The high degree of satisfaction with both the data collection process and the digital tools reported by the You + ME community members reflects the incorporation of perspectives from multiple stakeholders into the Registry design and the benefits of cocreation and HCD in the development of digital health tools [28,50-52]. Facilitating a mechanism for those living with an illness to share the unique insights of their lived experience and partnering with them on the development of tools to capture that experience are best practices that should be universally adopted to improve our understanding and therapeutic development.

Participant satisfaction and commitment to the Registry will be key to continued success and further expansion. We learned from other efforts that a meaningful approach to maximizing retention and engagement in a research study over time is sharing individualized data and research results back [53,54]. You + ME registrants have access to the survey information they provide, as well as readouts of symptom data from the tracking app that provide a resource for self-management and sharing of information with health care providers and loved ones.

The overarching goal of the Registry is to serve as a catalyst for critical research into diagnostics, treatments, and cures for ME/CFS, LC, and other postinfection diseases using the power of a large cohort with prospectively collected data. The data collection combines patient-reported outcomes that are important to community members with validated scales. These data can be used for researching associations between numerous characteristics and disease courses and to validate outcome data reported by patients as benchmarks for future approval of treatments [15,16].

One of the benefits of this data set is the ability to look across cohorts to understand the similarities and differences between ME/CFS and LC. Cross-disease and disease subtype comparisons using data from registries have produced valuable insights, including clarification of clinical profiles and implication of targeted therapies [55,56]. The establishment of the Registry during the COVID-19 pandemic, during which case numbers have been highly concentrated over a short period, presented an opportunity to track and study trajectories of symptom improvement or worsening in a population with a singular infectious trigger.
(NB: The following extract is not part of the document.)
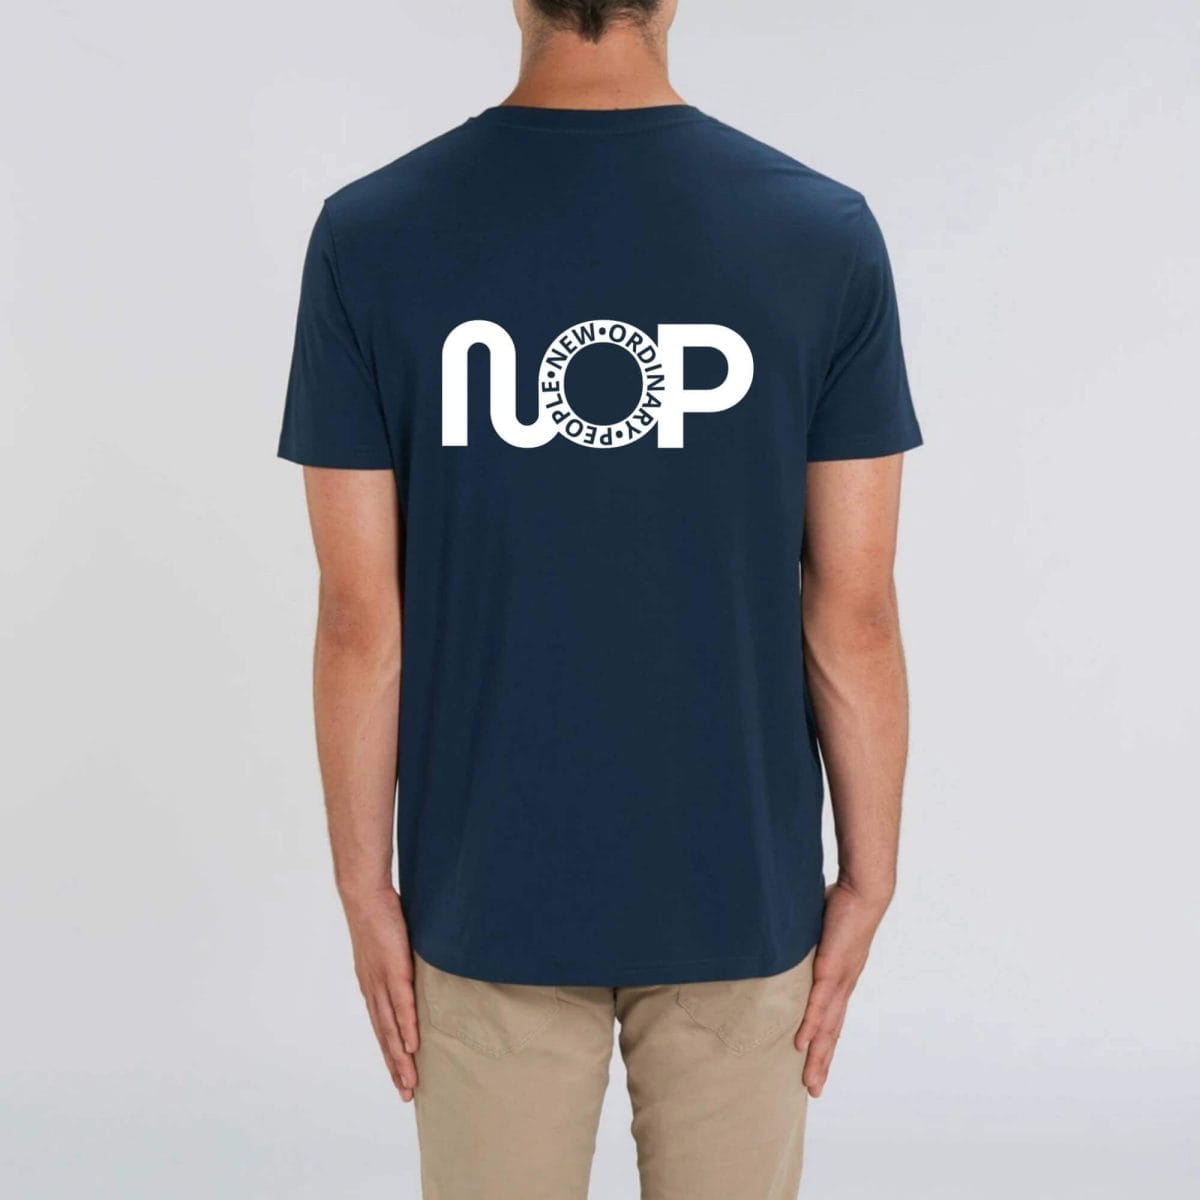 NOP Back T-shirt
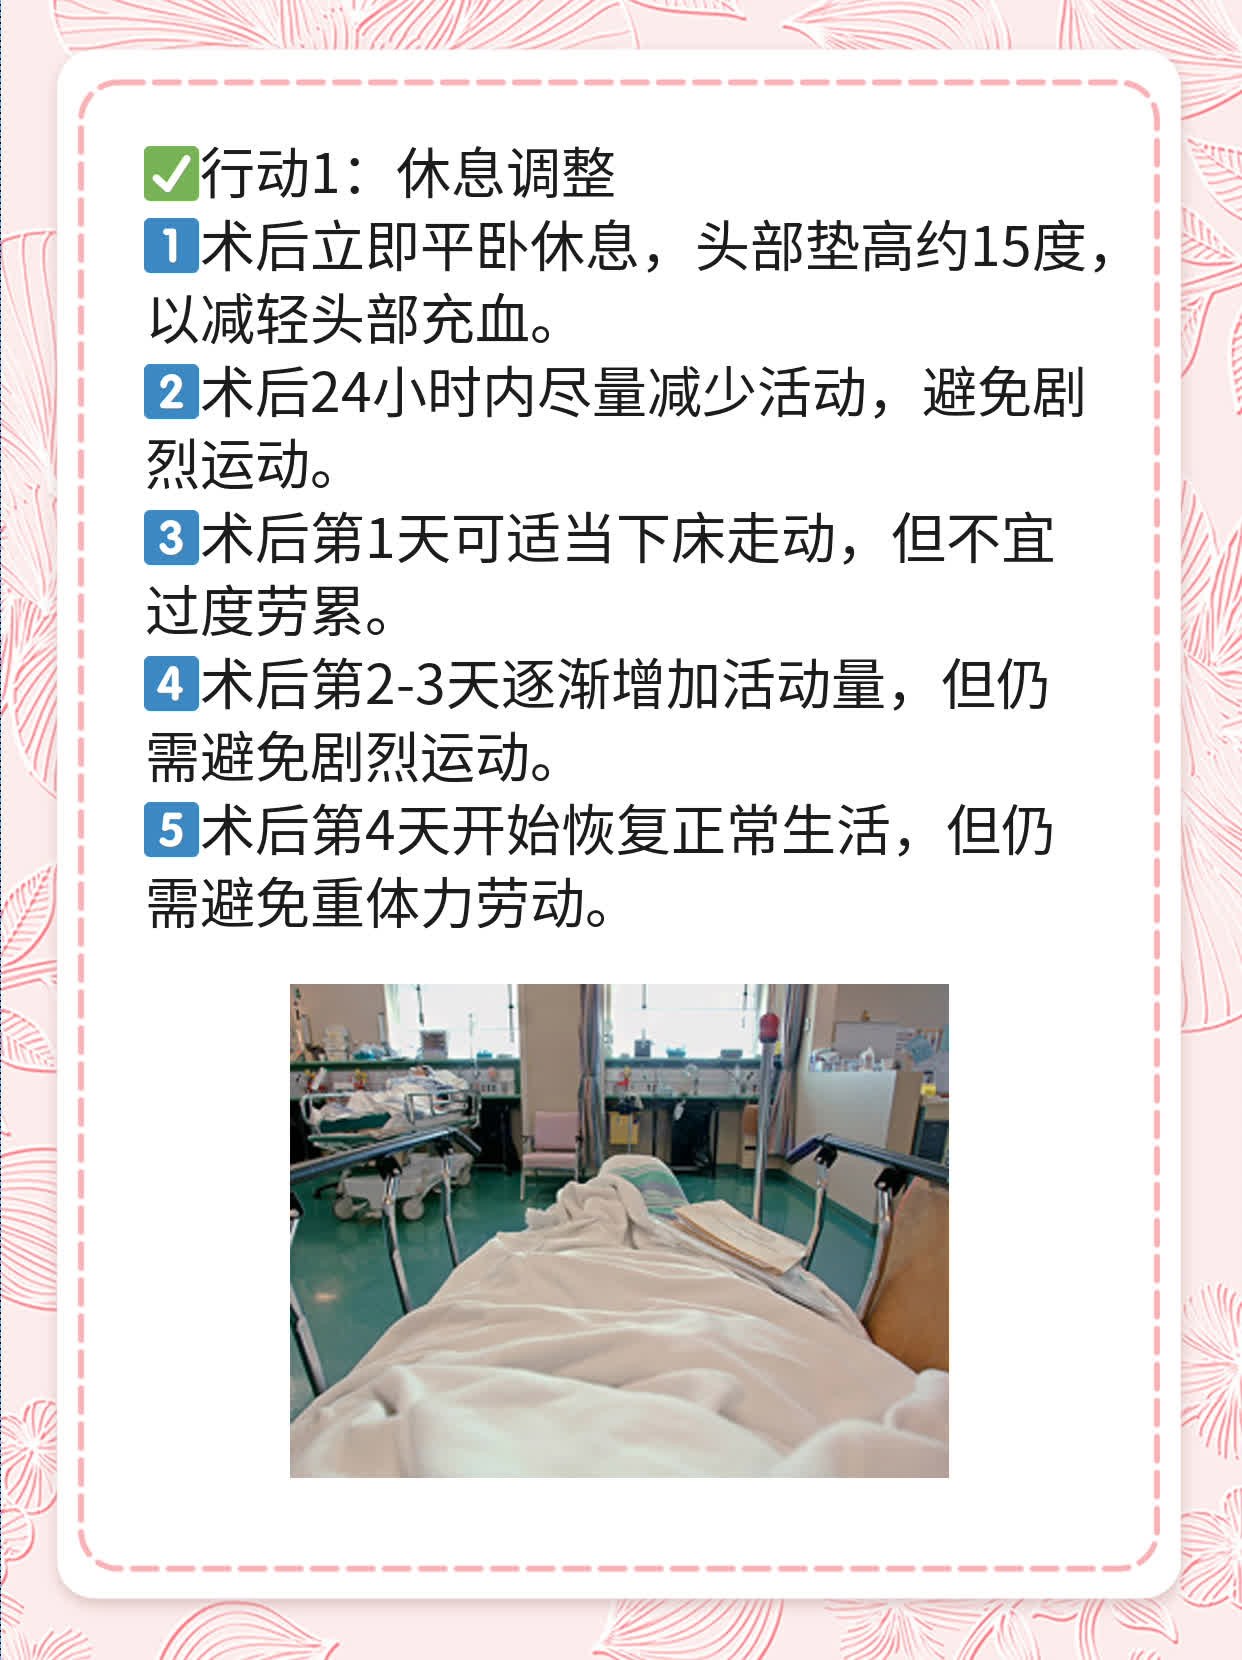 北京那家医院输卵管通而不畅好?

Clues about susceptibility and resilience to long-term effects of COVID-19 could also benefit the millions of Americans already diagnosed with ME/CFS [56].

The Registry has started to support data analysis by the internal research team and in partnership with external researchers. One example of active promotion of the Registry is through the Solve M.E. Ramsay Grant Program, an annual peer-reviewed competition for grants in support of pilot studies that first launched in 2016. In 2021, the Ramsay Grant Program opened a new funding mechanism to analyze Registry data, ultimately funding 2 projects [5].

To further increase accessibility and utility of the Registry research data set, we plan to build an interface that allows vetted researchers to query and use the data for a range of scientific projects. Researchers will be required to share their results so a community of researchers can further test the findings or build from them in new work.

Despite these successes, the current Registry study design and data set has some limitations, including reliance on self-report data, which can produce a measurement error due to participant recall, interpretation, or other factors [57]. The Registry is also subject to selection bias, including sociodemographic and other differences between participants and nonparticipants, selective participant drop-off, and missing data. These are frequent concerns in registry-based research and introduce data accuracy, interpretation, and generalizability issues. We are therefore planning a number of actions to improve the representativeness of the Registry cohort and pursuing studies to evaluate our measurements, guide development of the protocol, and examine the quality and usefulness of the data.